After setting his sights on Eric Bledsoe following the point guard’s “I don’t wanna be here” tweet over the weekend, Phoenix Suns general manager Ryan McDonough expanded his target to include Bledsoe’s agent, Rich Paul, during an interview on Arizona Sports Radio on Wednesday afternoon.
The Suns imploded on Sunday, firing coach Earl Watson after a horrific start and seeing their best player independently voice his displeasure with the franchise on Twitter. McDonough met with Bledsoe on Monday and informed the media that he did not buy Bledsoe’s excuse that the “here” in “I don’t wanna be here” was a hair salon. The GM sent Bledsoe home to avoid further distraction while they press “reset” on the organization and seek a suitable trade for the seven-year veteran.
Despite reported trade interest from the Milwaukee Bucks, Denver Nuggets and New York Knicks, among other teams, the market is less than ideal now that Bledsoe has made public his desire to play elsewhere and McDonough has lost leverage after conceding the Suns have no choice but to deal him.
Still, that didn’t stop McDonough from driving his stake in the ground even further on Wednesday.
“I was certainly surprised by it and disappointed by it,” he told the radio station. “I think Eric’s a good person. I think he’s unfortunately gotten some bad advice and is listening to the wrong people. I think generally any time you sign a contract, it doesn’t only work one way. It works both ways, and for a guy with years on his contract to say or intimate he didn’t want to be here anymore, I didn’t find that to be appropriate, and I think if he says he wants to be a leader, that’s the opposite of what a leader does and the opposite of what leadership is.”
Bledsoe is represented by Rich Paul, who wields significant power as the agent to LeBron James and a number of other high-profile players, including John Wall and Ben Simmons. Paul also represented recently fired Suns coach Earl Watson.

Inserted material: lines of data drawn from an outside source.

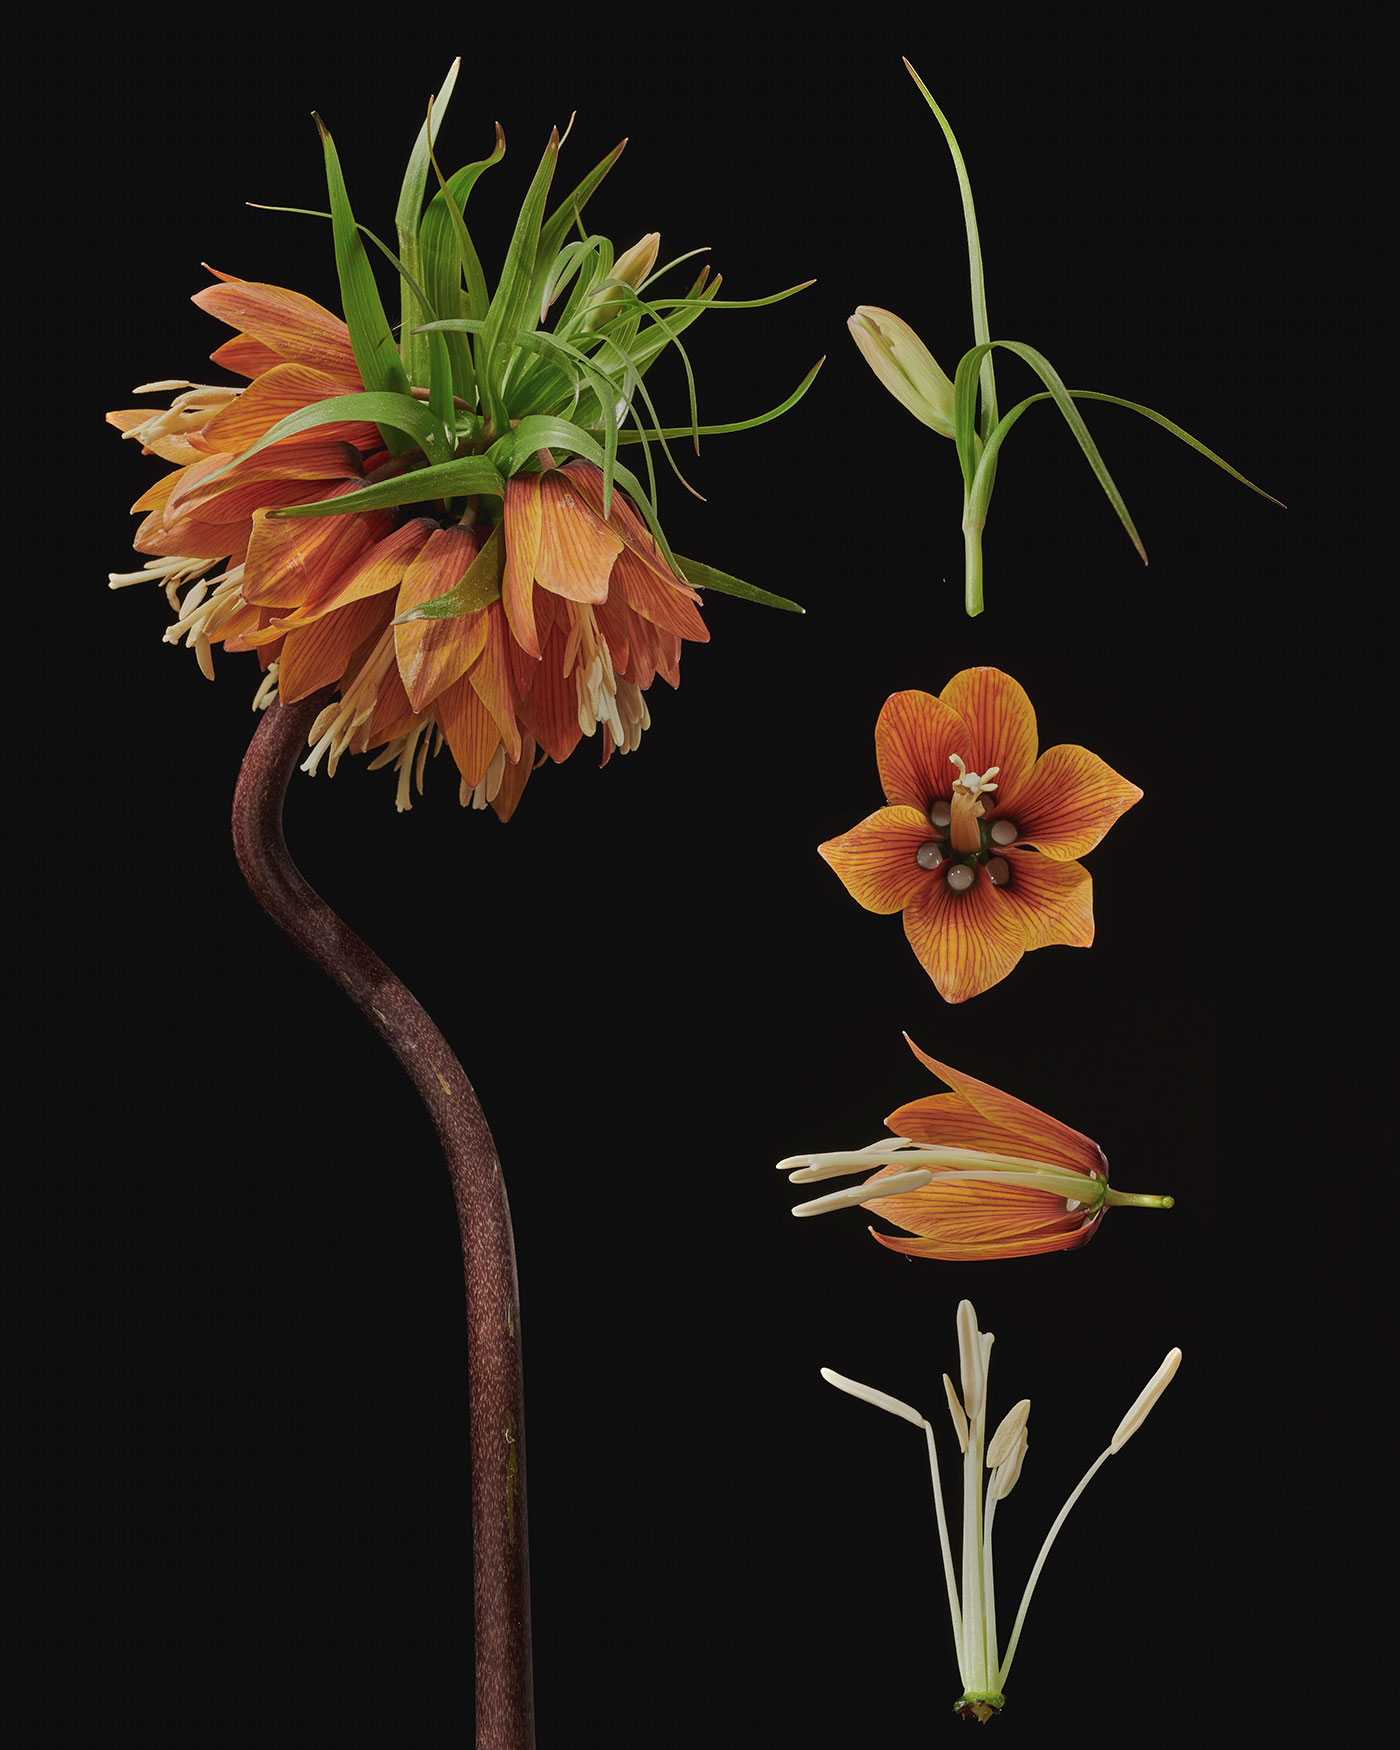 Dissecting Flowers by Tim van der Most
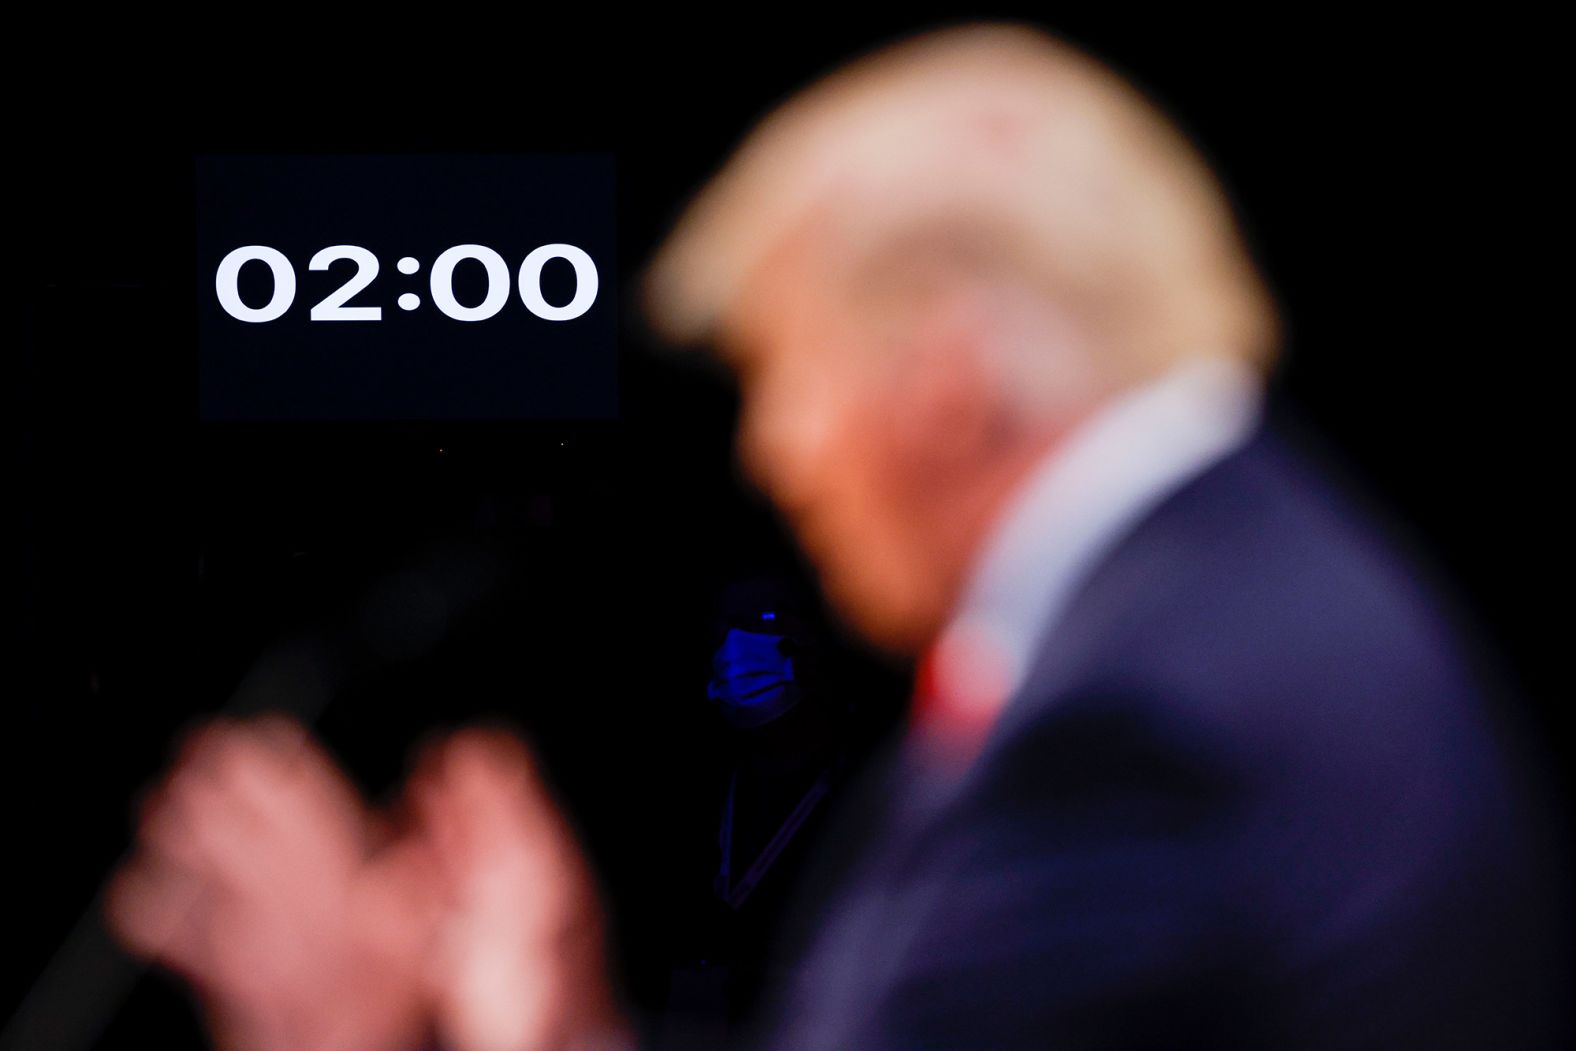 A timer is shown near Trump. Each candidate got two uninterrupted minutes to speak at the start of each debate segment.
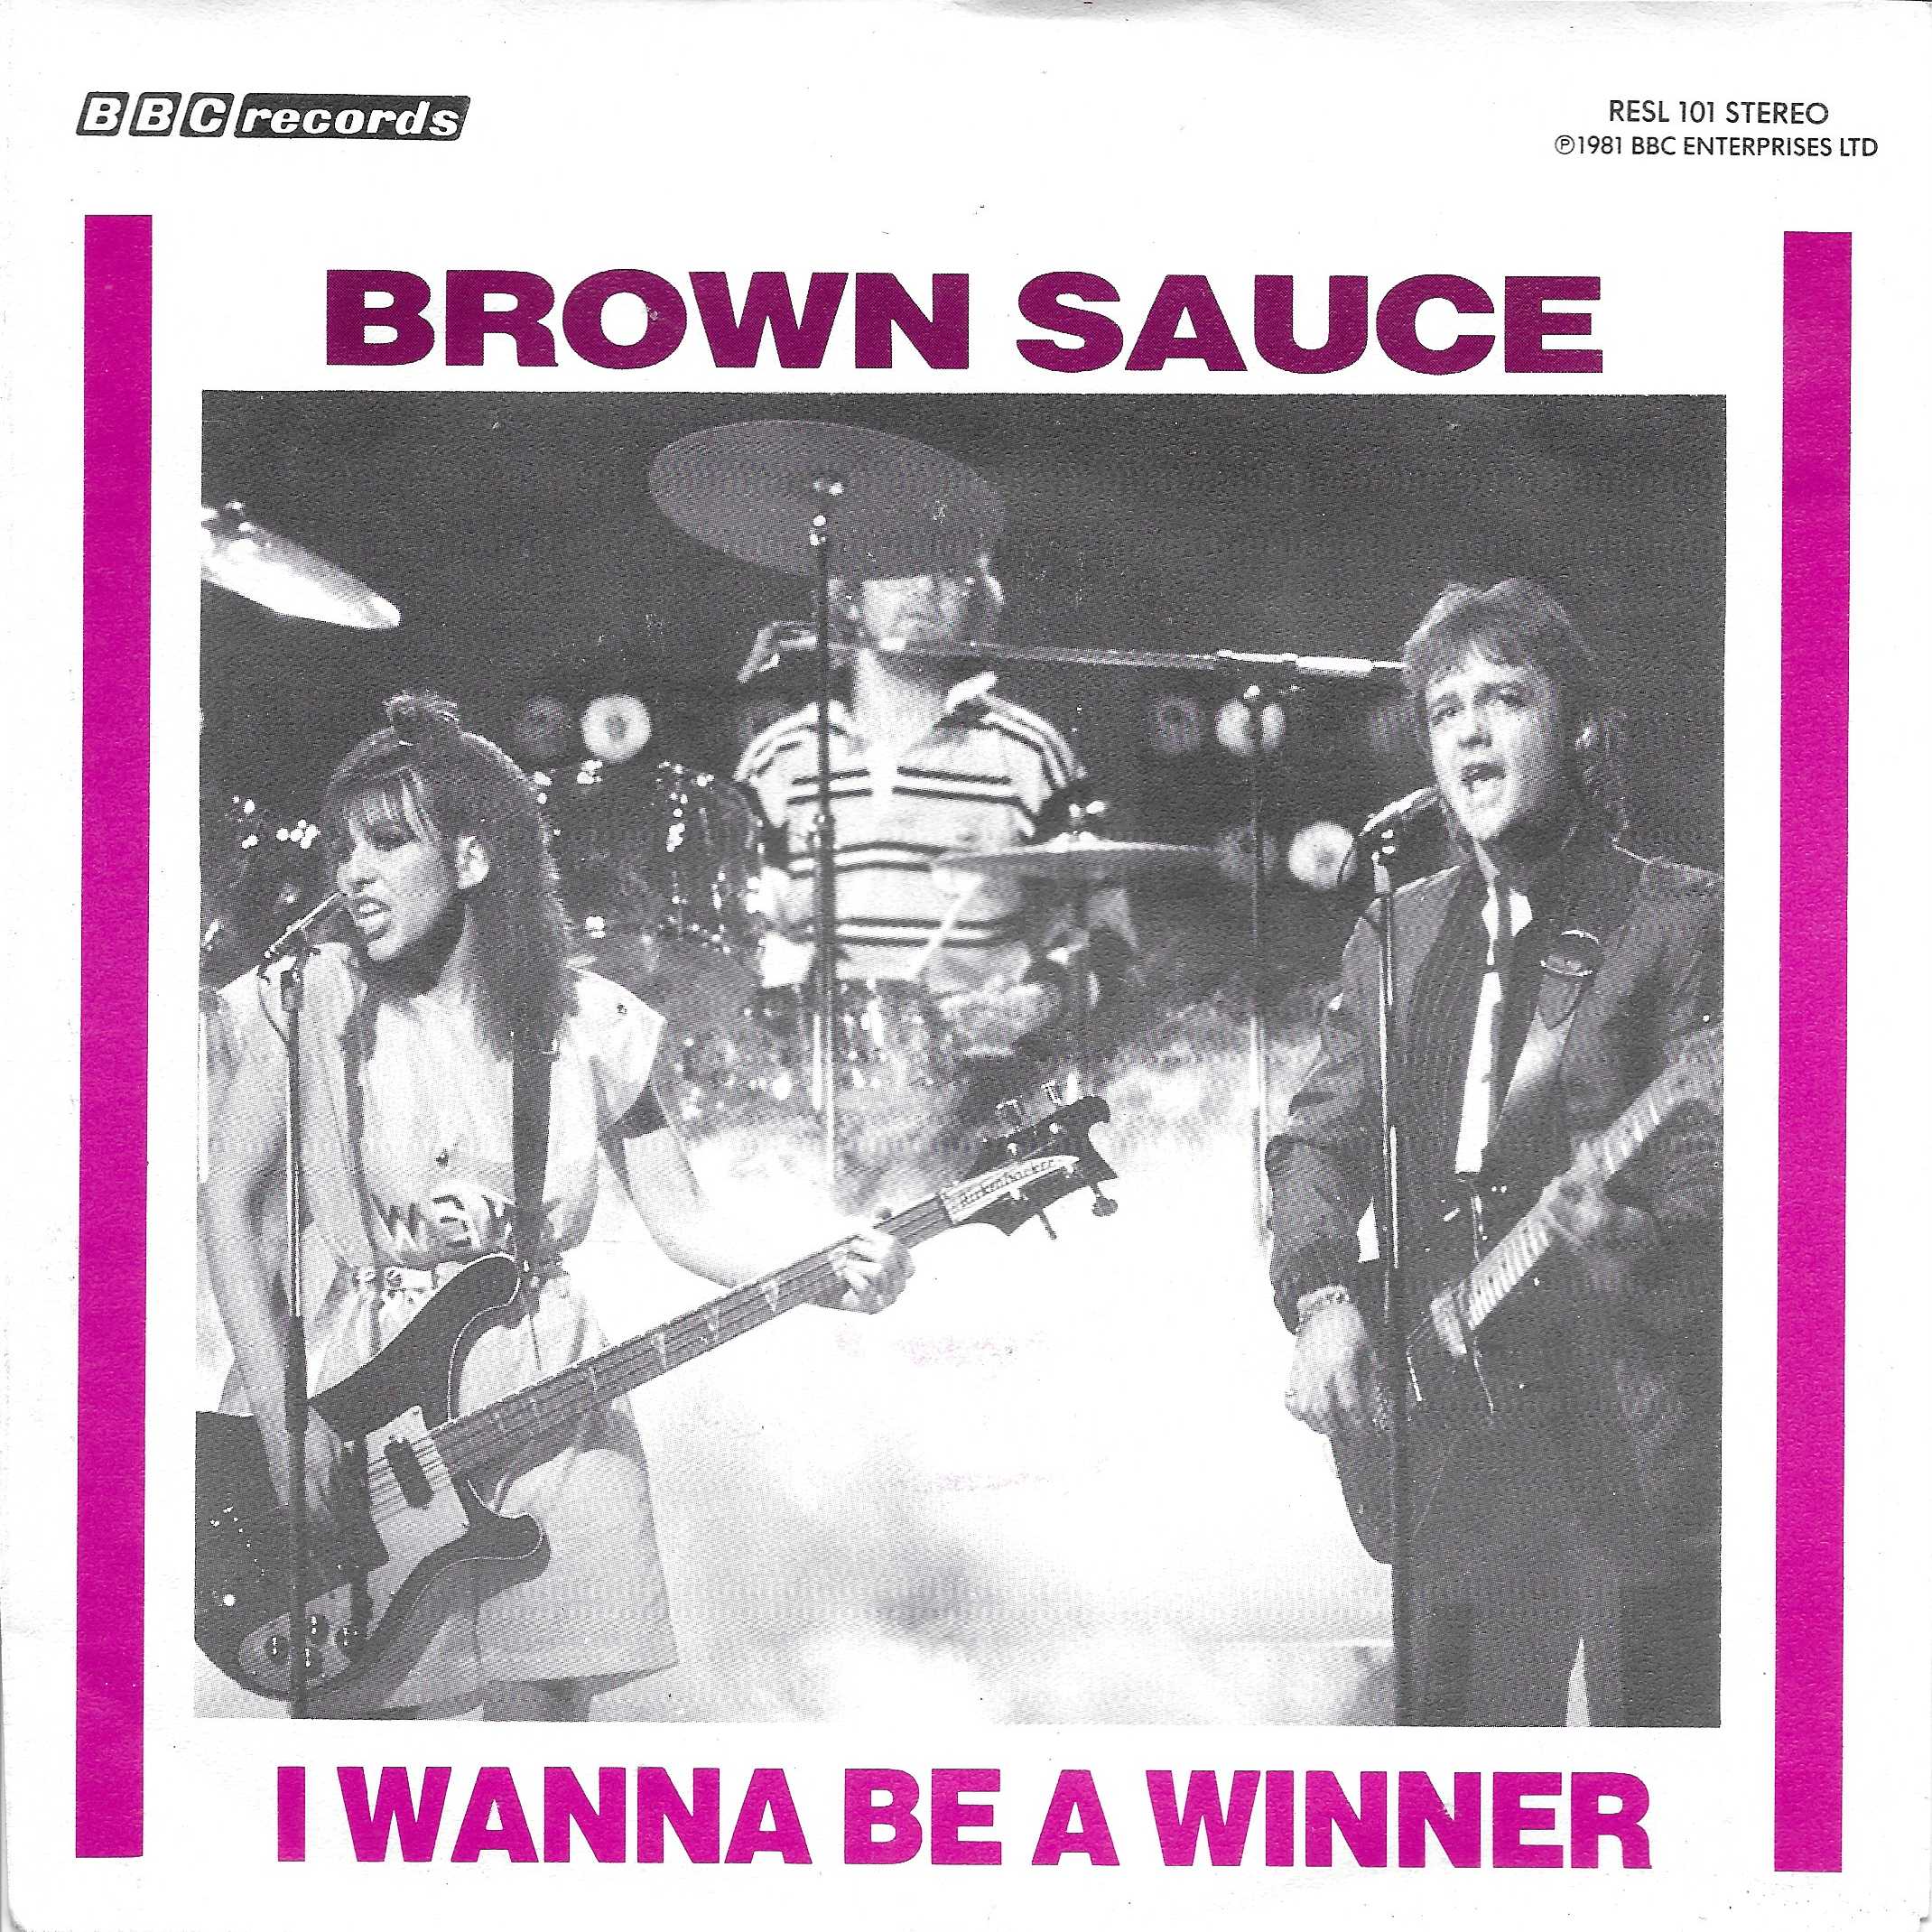 Picture of RESL 101-iD I wanna be a winner (Swap shop) (Dutch import) by artist B. A. Robertson from the BBC records and Tapes library

But McDonough had little interest in appeasing the agent.
“I think the shift comes from contractual demands made by his representatives, and that’s what I was referring to when I said I think he got bad advice,” said the GM, whose father Will McDonough was a legendary sportswriter known for shooting from the hip. “[ … ] He’s a talented player and a good player, but I think he’s just being a little misguided at the moment with some of the advice he’s getting.”
NBA stars have become increasingly aware of their power to dictate where they play, and if we learned anything from Kyrie Irving’s trade request from the Cleveland Cavaliers this past summer, it’s that they are more willing to wield that power earlier in their contracts. Perhaps McDonough’s biting criticism of Bledsoe and, more notably, Paul — the agent who has overseen LeBron’s jump to Miami and back — is a response to this trend. But it’s unlikely the GM’s decision to go so public with those comments will do him any favors in trade discussions for Bledsoe or contract negotiations with Paul going forward.
McDonough referred to Bledsoe as “a guy who was an energy drain or moping around or honestly not putting forth great effort” and reiterated his desire to keep the 27-year-old away from the team as a result. The GM also suggested the Suns are in no rush to trade Bledsoe, who remains under contract for this season and next. (Which is what any GM who wants to stir up the trade market should say.)
McDonough mentioned that the team’s tanking-fueled decision to rest Bledsoe for the final month of last season, which Watson termed a “management decision,” played a role in his desire to want out. The GM also did not refute reports by Arizona Sports Radio host John Gambadoro that Bledsoe met with the front office prior to the season to discuss his trade prospects on multiple occasions.
However, McDonough “met with him a couple times before the season started, and he said he was excited about our group, excited to play with the young guys and thought we had a good thing going.”
Phoenix hosts the Utah Jazz on Wednesday.